-- Provided records --
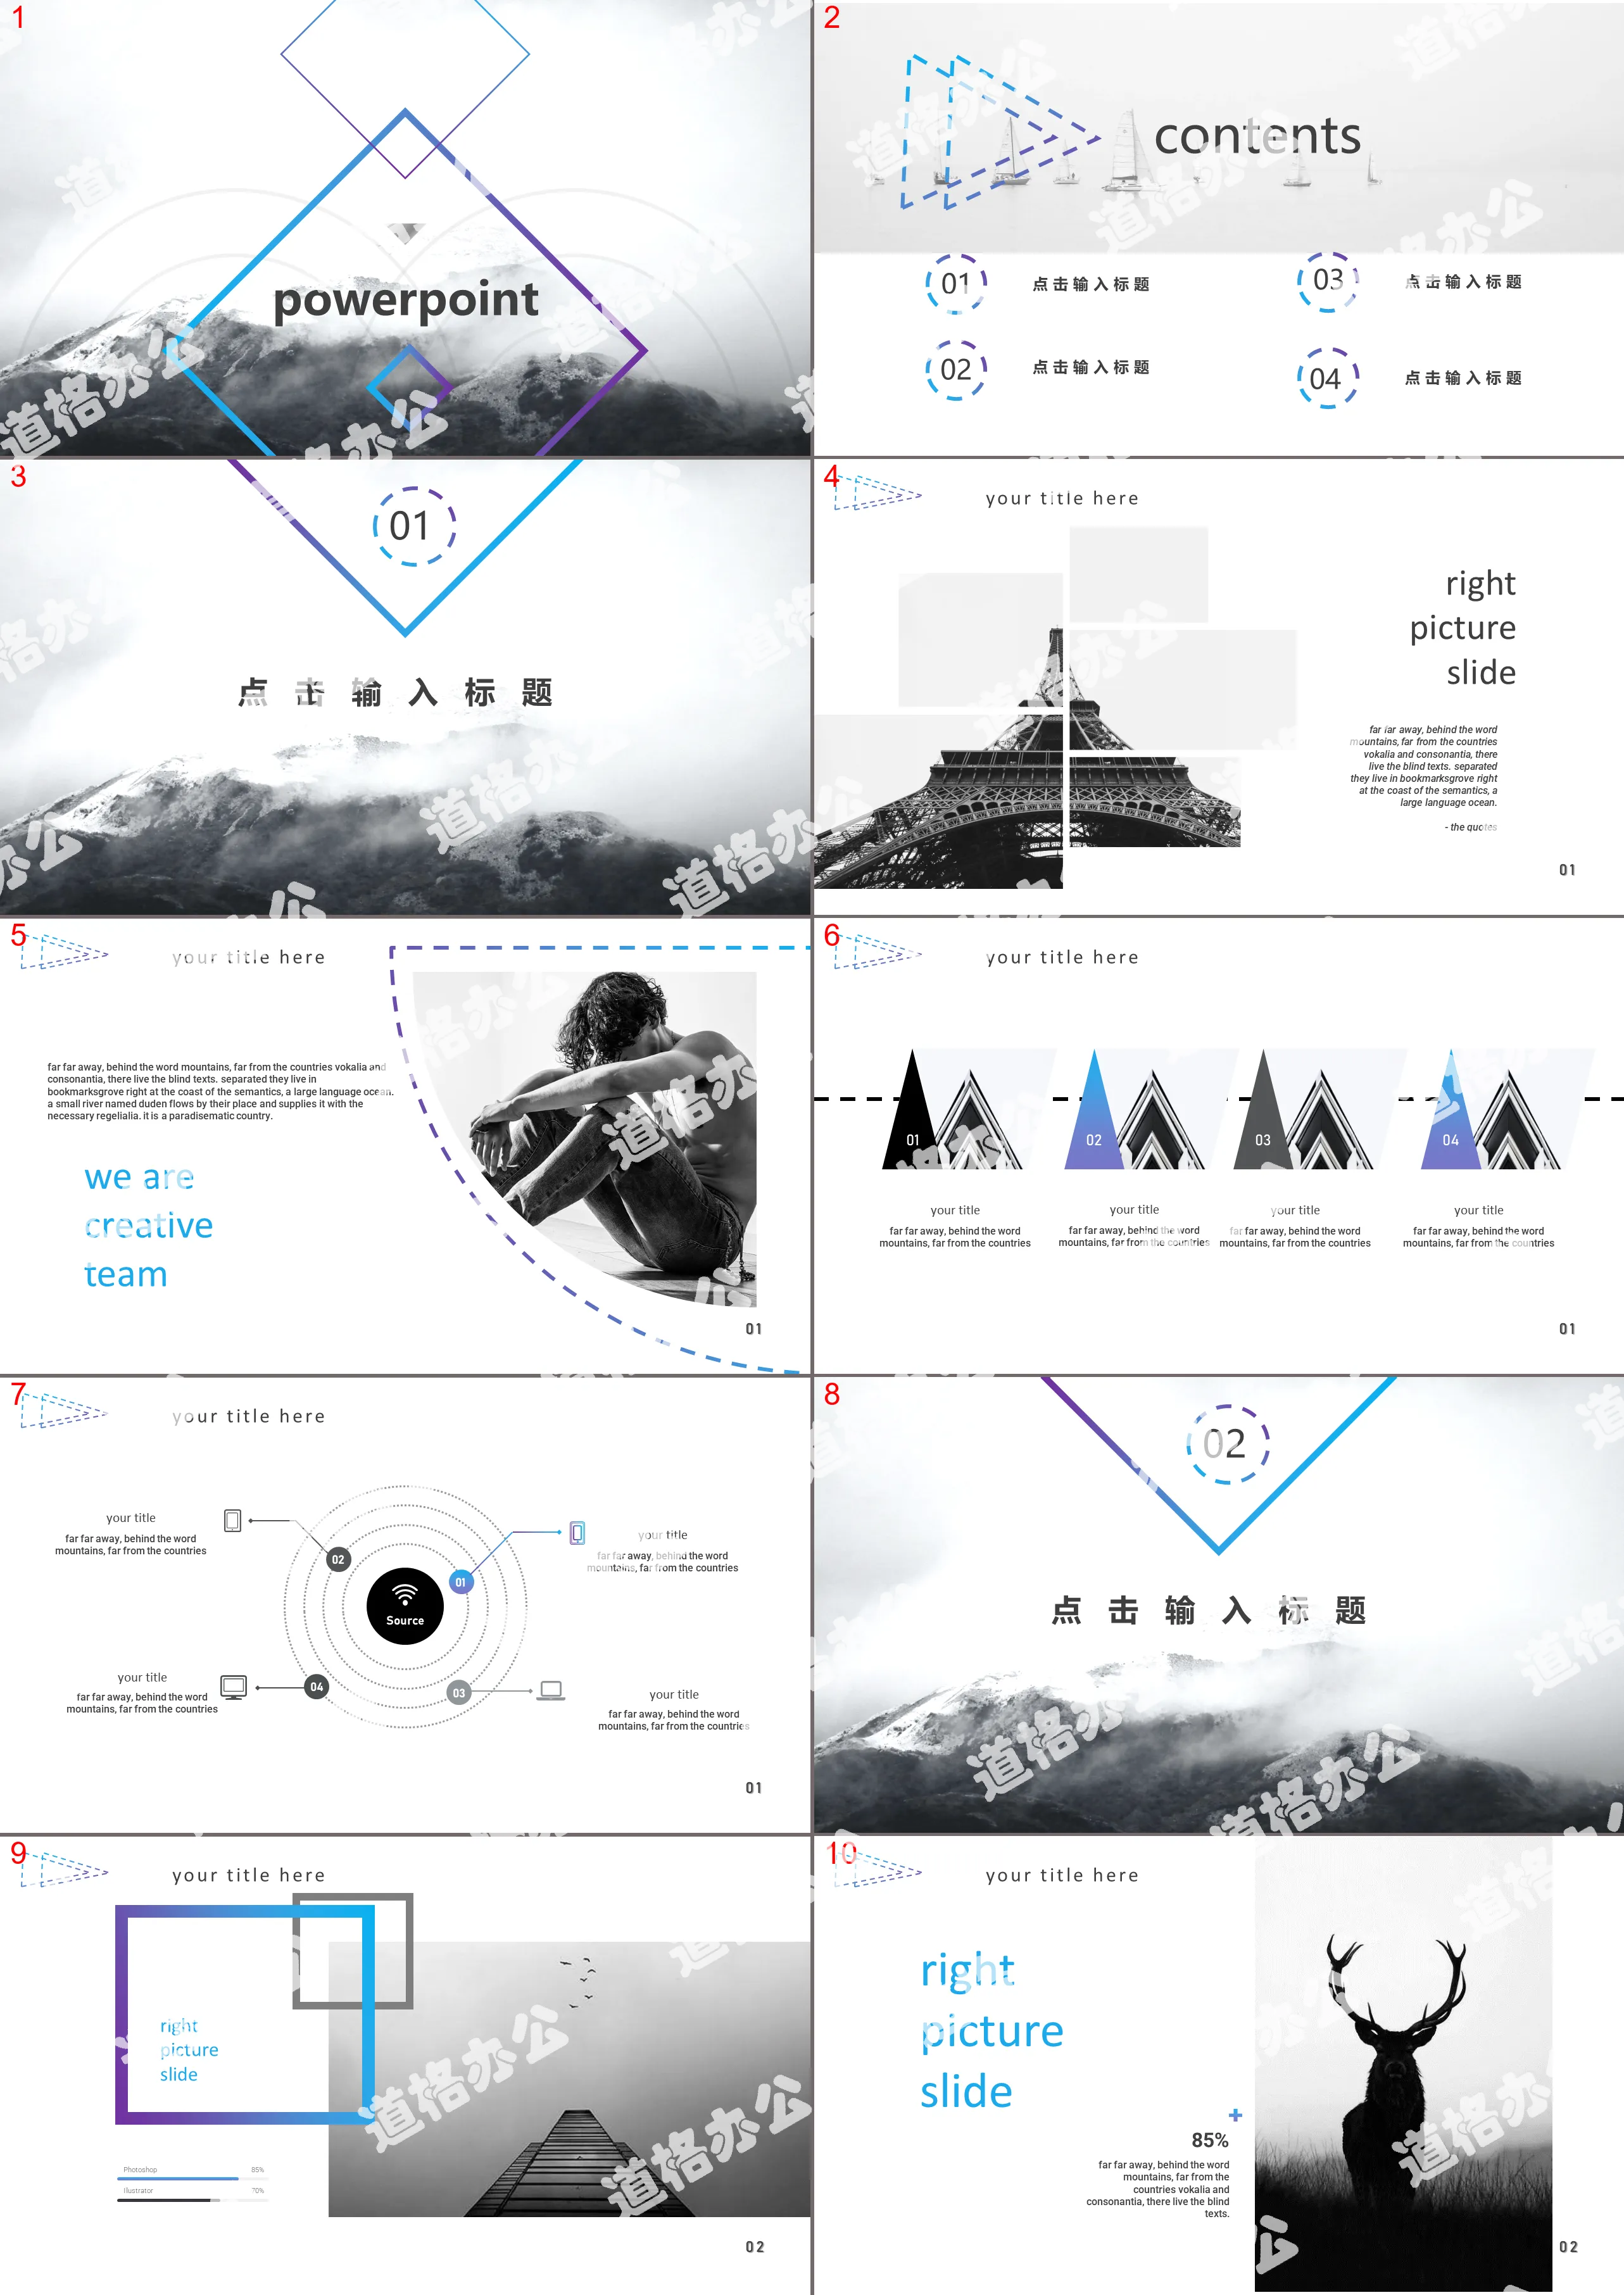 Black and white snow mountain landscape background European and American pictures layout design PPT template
---
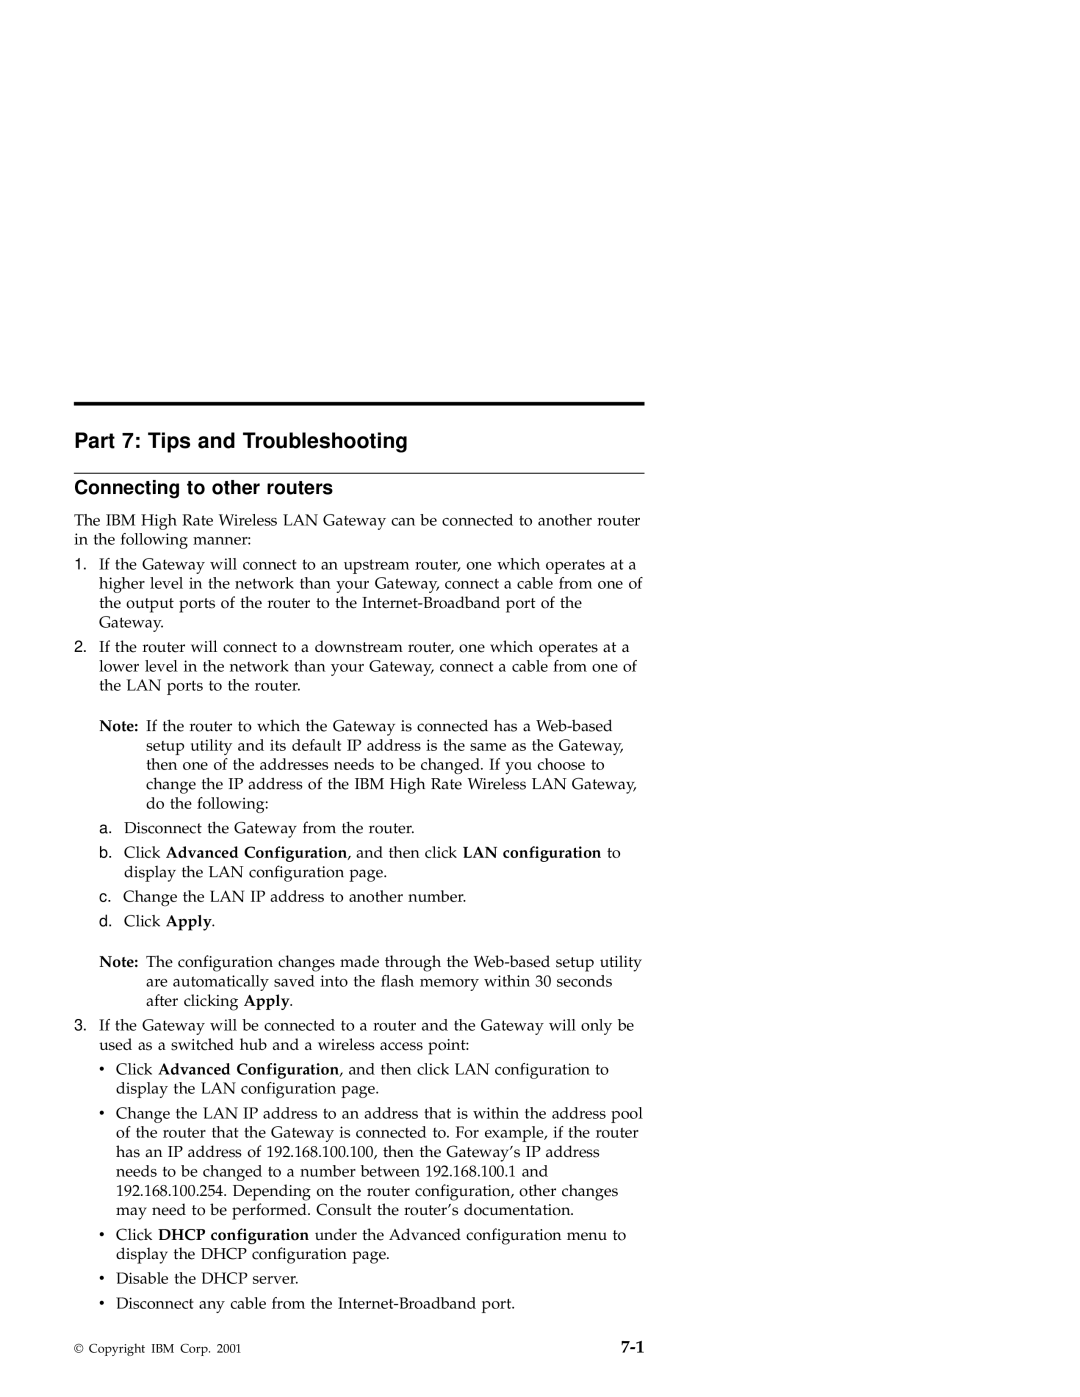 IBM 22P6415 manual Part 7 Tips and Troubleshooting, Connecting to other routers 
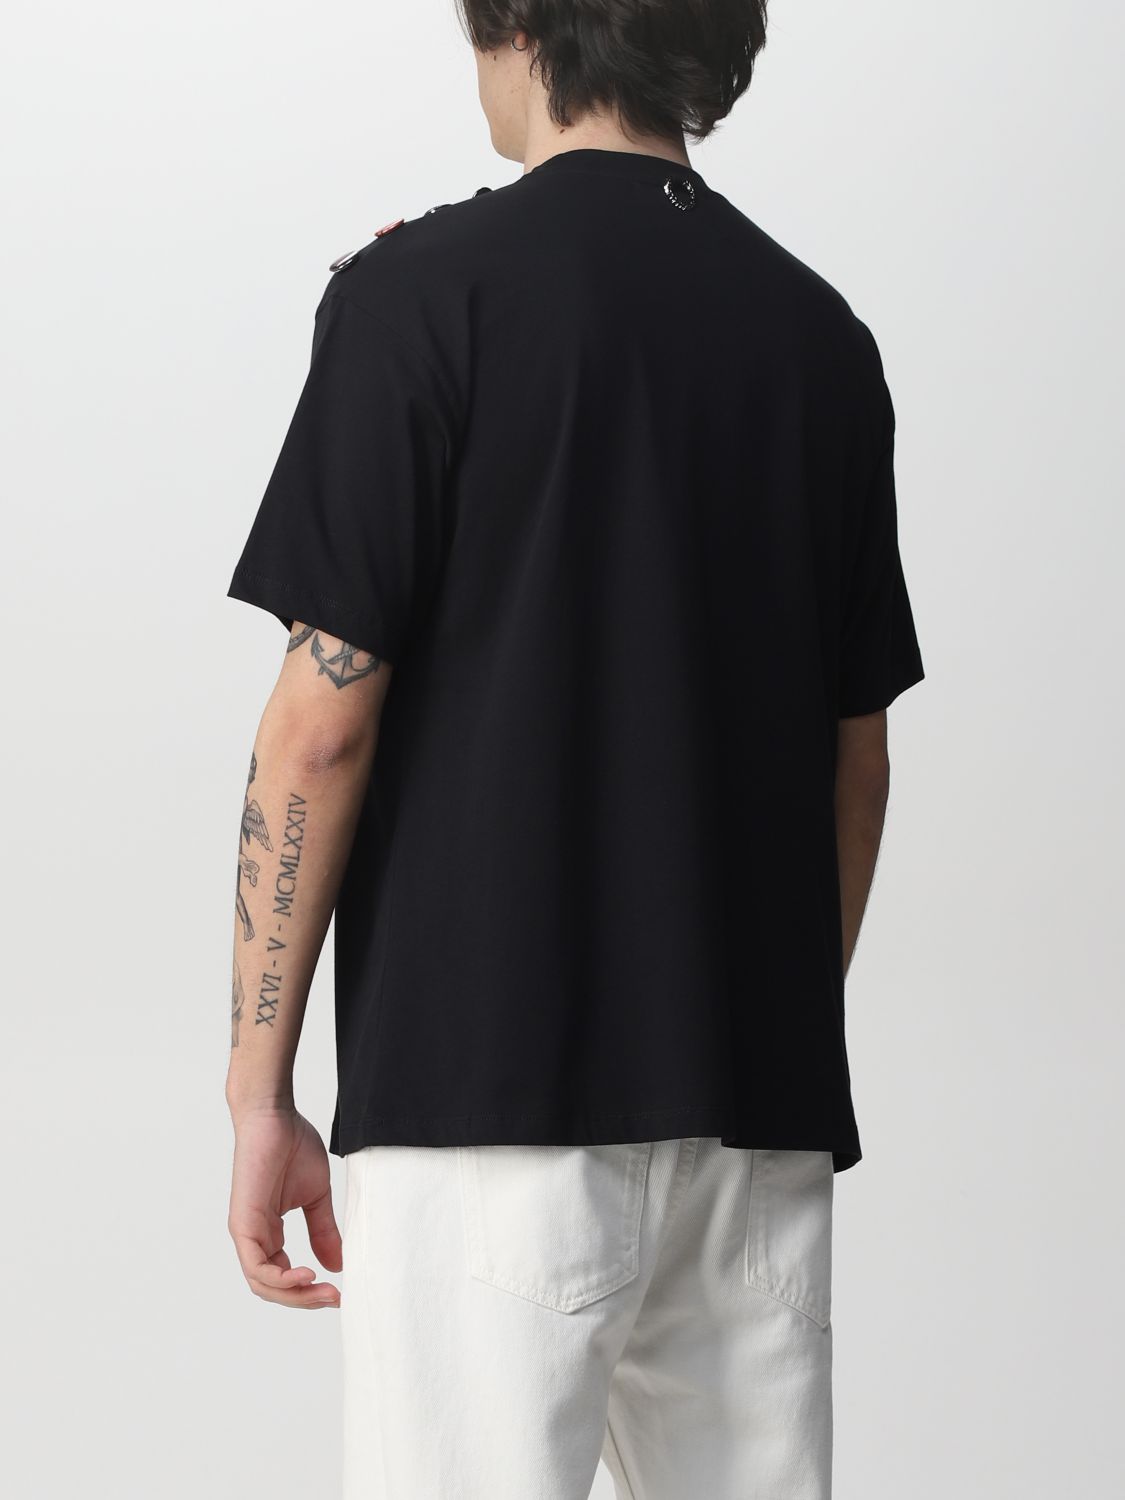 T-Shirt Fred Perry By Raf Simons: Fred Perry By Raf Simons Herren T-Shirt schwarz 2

-- Problem to work on --
For the data above, set down exactly the lines from the line with "IBM 22P6415 manual" to the line with "T-Shirt Fred Perry", both included, leaving pictures out.

-- Output of the task --
 IBM 22P6415 manual Part 7 Tips and Troubleshooting, Connecting to other routers 
 T-Shirt Fred Perry By Raf Simons: Fred Perry By Raf Simons Herren T-Shirt schwarz 2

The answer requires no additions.